One of these hackers is Omar Sandoval, who happened to mention that he had used gdb to track down a Linux-kernel bug. And without first extracting the code to userspace. I figured that it was time for this old dog to learn a new trick, so I asked Omar how he made this happen.

Omar pointed out that because rcutorture runs in guest OSes, gdb can take advantage of the debugging support provided by qemu. To make this work, you build a kernel with CONFIG_DEBUG_INFO=y (which supplies gdb with additional symbols), provide the nokaslr kernel boot parameter (which prevents kernel address-space randomization from invalidating these symbols), and supply qemu with the -s -S command-line arguments (which causes it to wait for gdb to connect instead of immediately booting the kernel). You then specify the vmlinux file's pathname as the sole command-line argument to gdb. Once you see the (gdb) prompt, the target remote :1234 command will connect to qemu and then the continue command will boot the kernel.

I tried this, and it worked like a charm.

Alternatively, you can now use the shiny new rcutorture --gdb command-line argument in the -rcu tree, which will automatically set up the kernel and qemu, and will print out the required gdb commands, including the path to the newly built vmlinux file.

And yes, I do owe Omar a --drgn command-line argument, which I will supply once he lets me know how to connect drgn to qemu. :-)

In the meantime, the following sections cover a couple of uses I have made of --gdb, mostly to get practice with this approach to Linux-kernel debugging.

Case study 1: locktorture

For example, let's use gdb to investigate a long-standing locktorture hang when running scenario LOCK05:

tools/testing/selftests/rcutorture/bin/kvm.sh --allcpus --torture lock \
    --duration 3 --configs LOCK05 --gdb

This will print out the following once the kernel is built and qemu has started:

Waiting for you to attach a debug session, for example:
    gdb gdb /home/git/linux-rcu/tools/testing/selftests/rcutorture/res/2020.08.27-14.51.45/LOCK05/vmlinux
After symbols load and the "(gdb)" prompt appears:
    target remote :1234

Once you have started gdb and entered the two suggested commands, the kernel will start.
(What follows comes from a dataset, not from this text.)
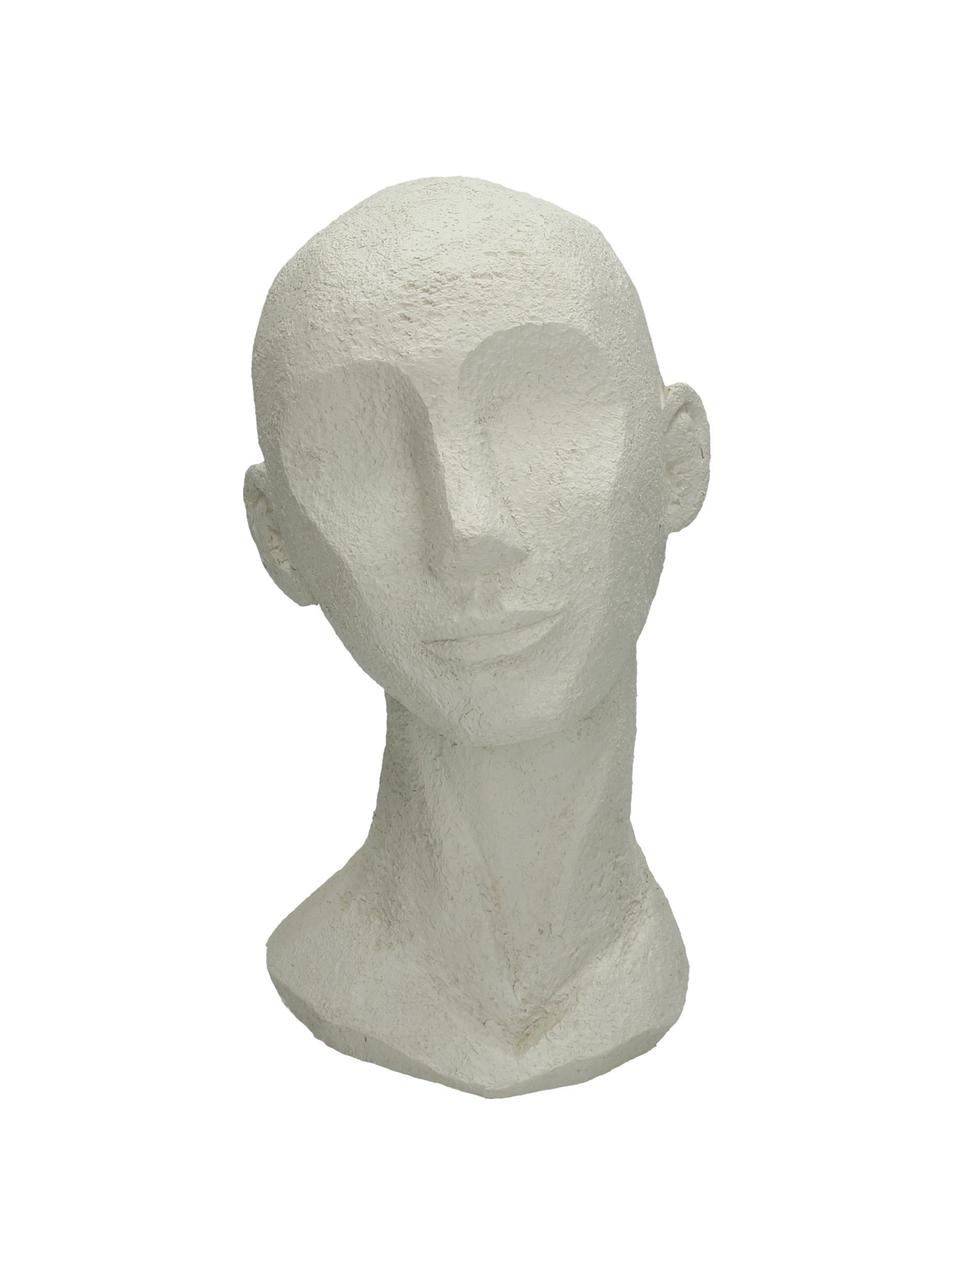 Deko-Objekt Head, Polyresin, Gebrochenes Weiß, B 18 x H 28 cm

You can track its console output by locating its console.log file as described in an earlier post. Or you can use the ps command to dump the qemu command line, looking for the -serial file: command, which is following by the pathname of the file receiving the console output.

Once the kernel is sufficiently hung, that is, more than 15 seconds elapses after the last statistics output line (Writes: Total: 27668769 Max/Min: 27403330/34661 Fail: 0), you can hit control-C at gdb. The usual info threads command will show the CPUs' states, here with the 64-bit hexadecimal addresses abbreviated:

(gdb) info threads
  Id   Target Id         Frame 
* 1    Thread 1 (CPU#0 [running]) stutter_wait (title=0xf... "lock_torture_writer")
    at kernel/torture.c:615
  2    Thread 2 (CPU#1 [running]) 0xf... in stutter_wait (
    title=0xf... "lock_torture_writer") at kernel/torture.c:615
  3    Thread 3 (CPU#2 [halted ]) default_idle () at arch/x86/kernel/process.c:689
  4    Thread 4 (CPU#3 [halted ]) default_idle () at arch/x86/kernel/process.c:689

It is odd that CPUs 0 and 1 are in stutter_wait(), spinning on the global variable stutter_pause_test. Even more odd is that the value of this variable is not zero, as it should be at the end of the test, but rather the value two. After all, all paths out of torture_stutter() should zero this variable.
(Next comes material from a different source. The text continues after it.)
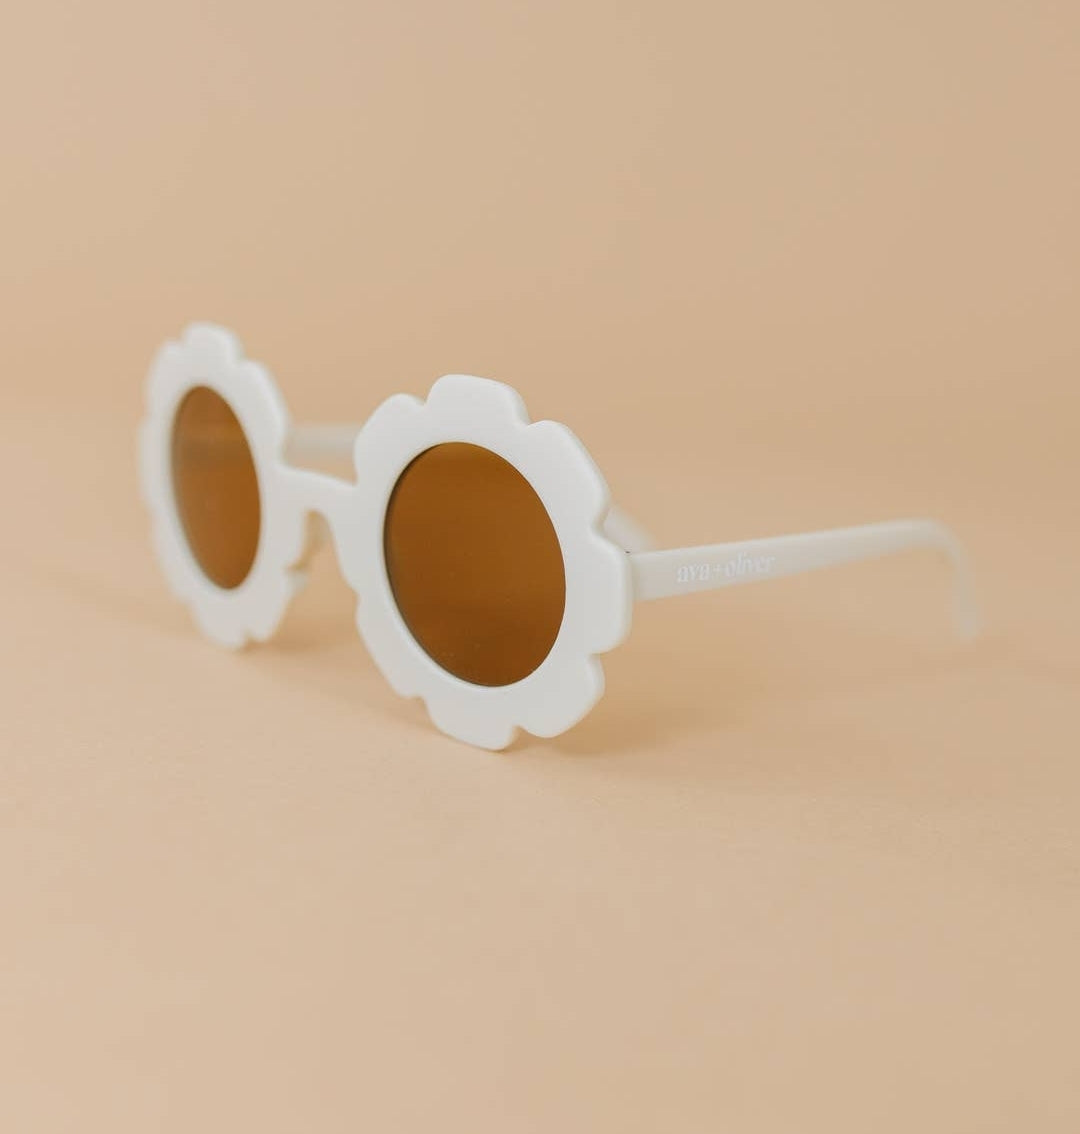 Flower Sunglasses- Cream

But maybe torture_stutter() is still stuck in the loop prior to the zeroing of stutter_pause_test. A quick look at torture_stutter_init shows us that the task_struct pointer to the task running torture_stutter lives in stutter_task, which is non-NULL, meaning that this task still lives. One might hope to use sched_show_task(), but this sadly fails with Could not fetch register "fs_base"; remote failure reply 'E14'.

The value of stutter_task.state is zero, which indicates that this task is running. But on what CPU? CPUs 0 and 1 are both spinning in stutter_wait, and the other two CPUs are in the idle loop. So let's look at stutter_task.on_cpu, which is zero, as in not on a CPU. In addition, stutter_task.cpu has the value one, and CPU 1 is definitely running some other task.

It would be good to just be able to print the stack of the blocked task, but it is also worth just rerunning this test, but this time with the locktorture.stutter module parameter set to zero. This test completed successfully, in particular, with no hangs. Given that no other locktorture or rcutorture scenario suffers from similar hangs, perhaps the problem is in rt_mutex_lock() itself. To check this, let's restart the test, but with the default value of the locktorture.stutter module parameter. After letting it hang and interrupting it with control-C, even though it still feels strange to control-C a kernel:

(gdb)  print torture_rtmutex
$1 = {wait_lock = {raw_lock = {{val = {counter = 0}, {locked = 0 '\000', pending = 0 '\000'}, {
          locked_pending = 0, tail = 0}}}}, waiters = {rb_root = {rb_node = 0xffffc9000025be50}, 
    rb_leftmost = 0xffffc90000263e50}, owner = 0x1 <fixed_percpu_data+1>}

The owner = 0x1 looks quite strange for a task_struct pointer, but the block comment preceding rt_mutex_set_owner() says that this value is legitimate, and represents one of two transitional states. So maybe it is time for CONFIG_DEBUG_RT_MUTEXES=y, but enabling this Kconfig option produces little additional enlightenment.

However, the torture_rtmutex.waiters field indicates that there really is something waiting on the lock. Of course, it might be that we just happened to catch the lock at this point in time. To check on this, let's add a variable to capture the time of the last lock release. I empirically determined that it is necessary to use WRITE_ONCE() to update this variable in order to prevent the compiler from optimizing it out of existence. Learn from my mistakes!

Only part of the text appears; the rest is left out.